DeepSeek-R1 Quickstart
How to get the most out of reasoning models like DeepSeek-R1.
Reasoning models like DeepSeek-R1 have been trained to think step-by-step before responding with an answer. As a result they excel at complex reasoning tasks such as coding, mathematics, planning, puzzles, and agent workflows.
Given a question in the form of an input prompt DeepSeek-R1 outputs both its chain of thought/reasoning process in the form of thinking tokens between <think>
tags and the answer.
Because these models use more computation/tokens to perform better reasoning they produce longer outputs and can be slower and more expensive then their non-reasoning counterparts.

Quickstart
Since these models produce longer responses we'll stream in tokens instead of waiting for the whole response to complete.
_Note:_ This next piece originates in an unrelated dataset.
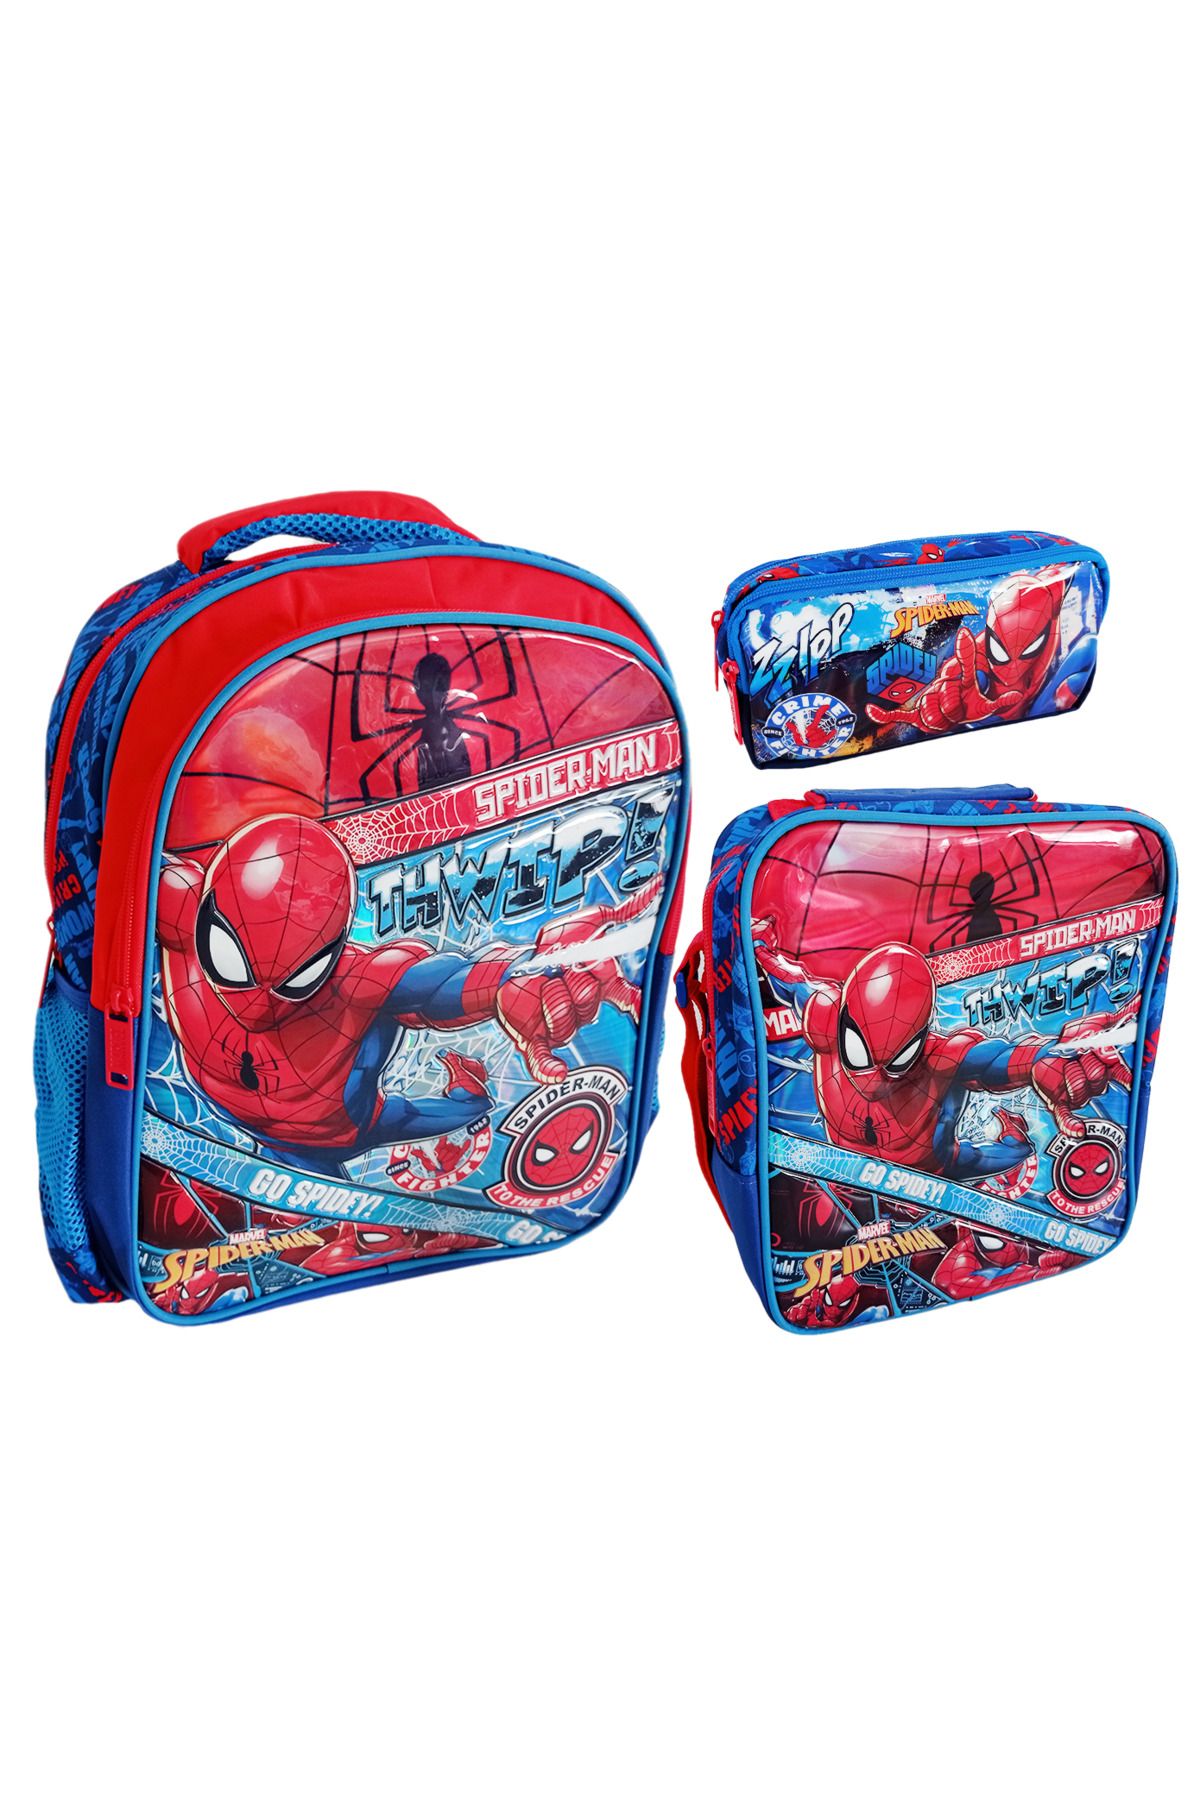 Hakan Çanta Spiderman Okul Çantası Beslenme Çantası Kalemlik 3'lü Set
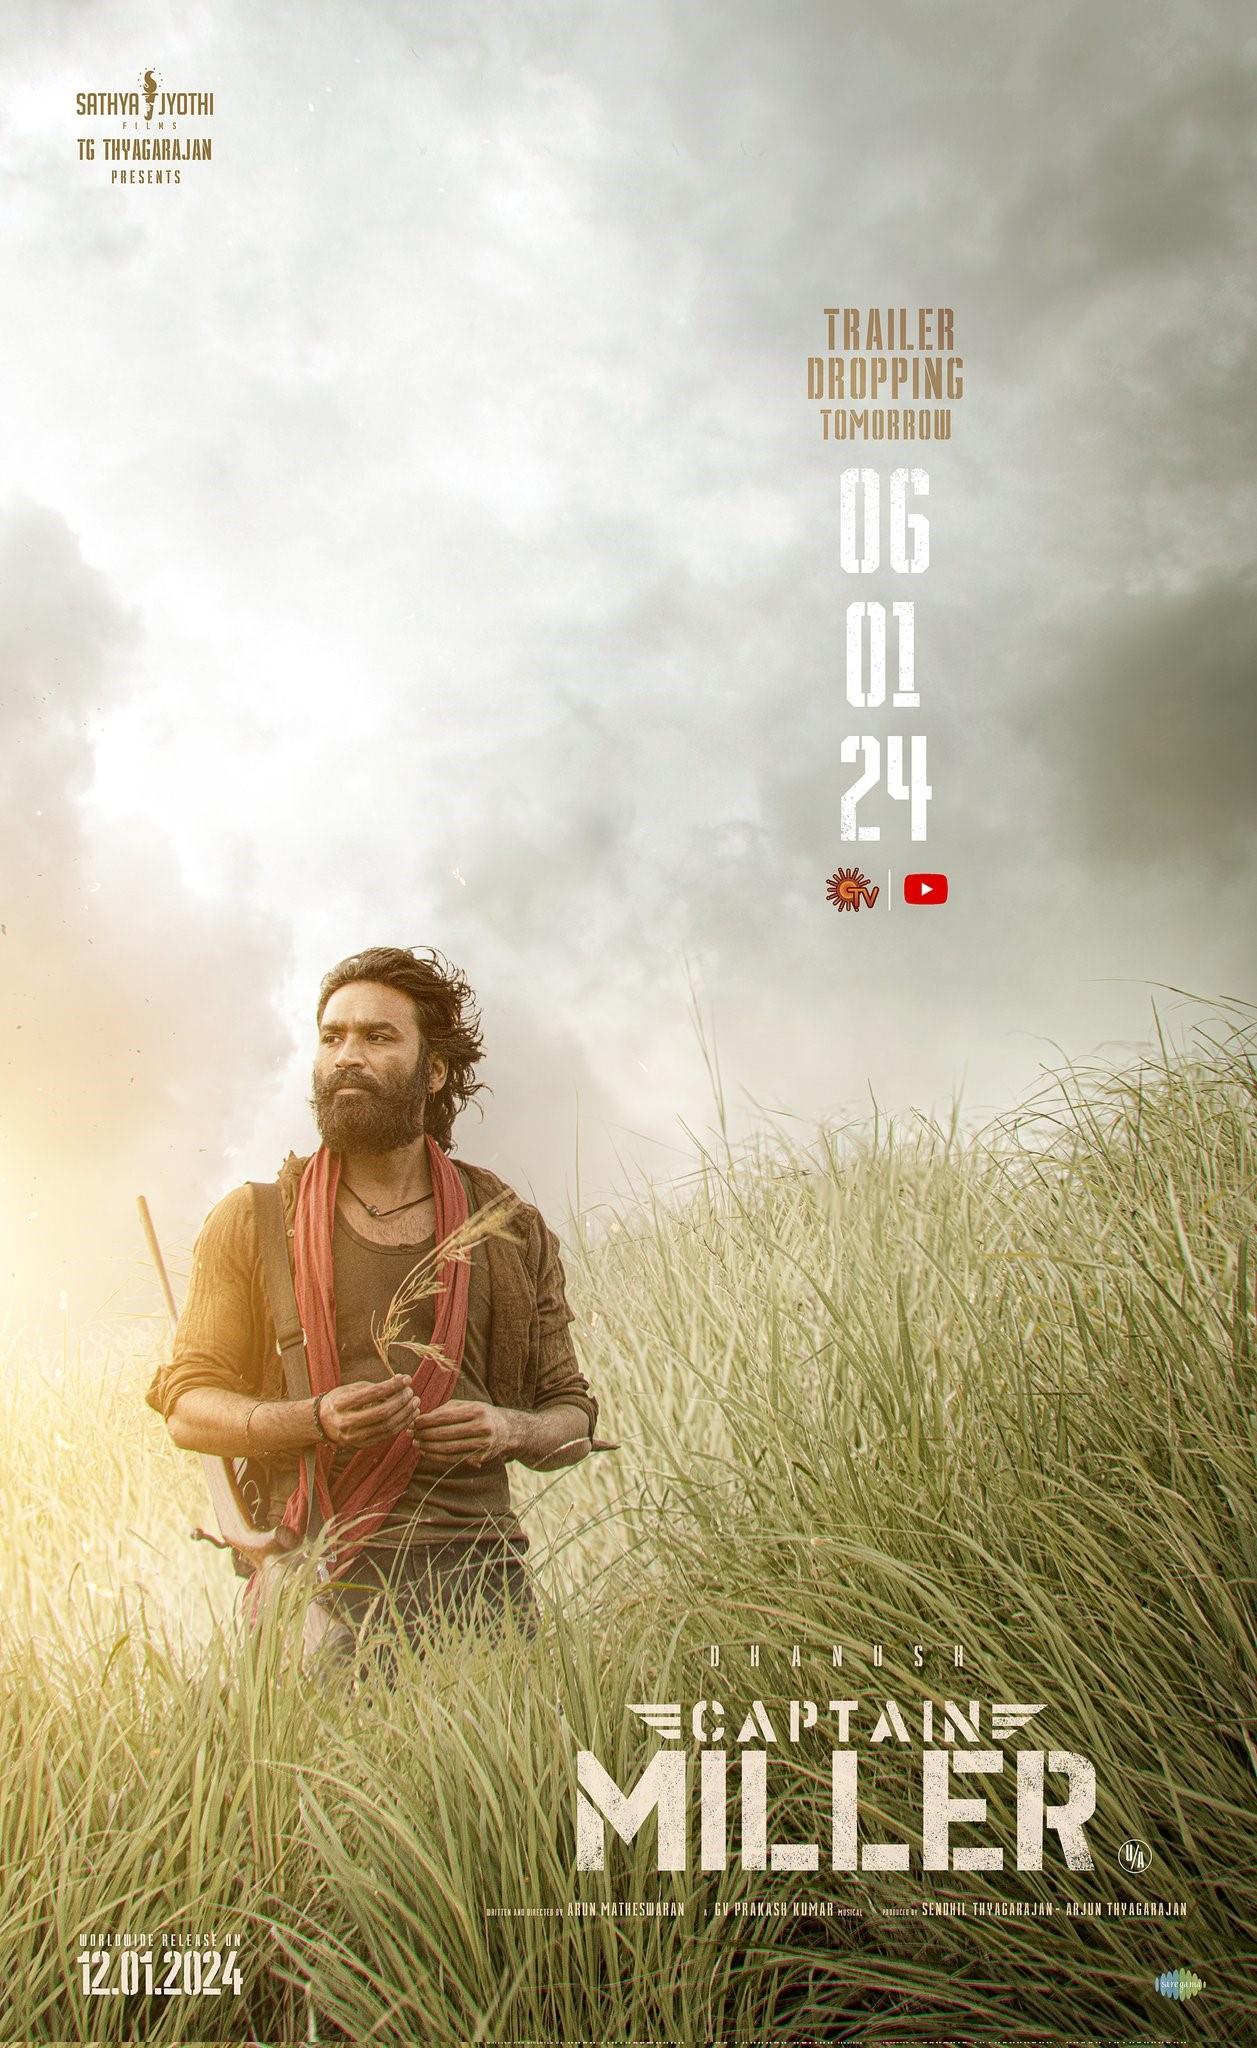 Captain Miller: Trailer release date of the Dhanush starrer

from together import Together
client = Together() # pass in API key to api_key or set a env variable
stream = client.chat.completions.create(
model="deepseek-ai/DeepSeek-R1",
messages=[
{
"role": "user",
"content": "Which number is bigger 9.9 or 9.11?",
}
],
stream=True,
)
for chunk in stream:
print(chunk.choices[0].delta.content or "", end="", flush=True)
import Together from 'together-ai';
const together = new Together();
const stream = await together.chat.completions.create({
model: 'deepseek-ai/DeepSeek-R1',
messages: [
{ role: 'user', content: 'Which number is bigger 9.9 or 9.11?' },
],
stream: true,
});
for await (const chunk of stream) {
// use process.stdout.write instead of console.log to avoid newlines
process.stdout.write(chunk.choices[0]?.delta?.content || '');
}
curl -X POST "https://api.together.xyz/v1/chat/completions" \
-H "Authorization: Bearer $TOGETHER_API_KEY" \
-H "Content-Type: application/json" \
-d '{
"model": "deepseek-ai/DeepSeek-R1",
"messages": [
{"role": "user", "content": "Which number is bigger 9.9 or 9.11?"}
]
}'
This will produce an output that contains both the Chain-of-thought tokens and the answer:
<think>
Okay, the user is asking which number is bigger between 9.9 and 9.11.
Let me think about how to approach this.
...
</think>
**Answer:** 9.9 is bigger.
Working with DeepSeek-R1
Reasoning models like DeepSeek-R1 should be used differently than standard non-reasoning models to get optimal results.
Here are some usage guides:
- Temperature: Use 0.5–0.7 (recommended 0.6) to balance creativity and coherence, avoiding repetitive or nonsensical outputs.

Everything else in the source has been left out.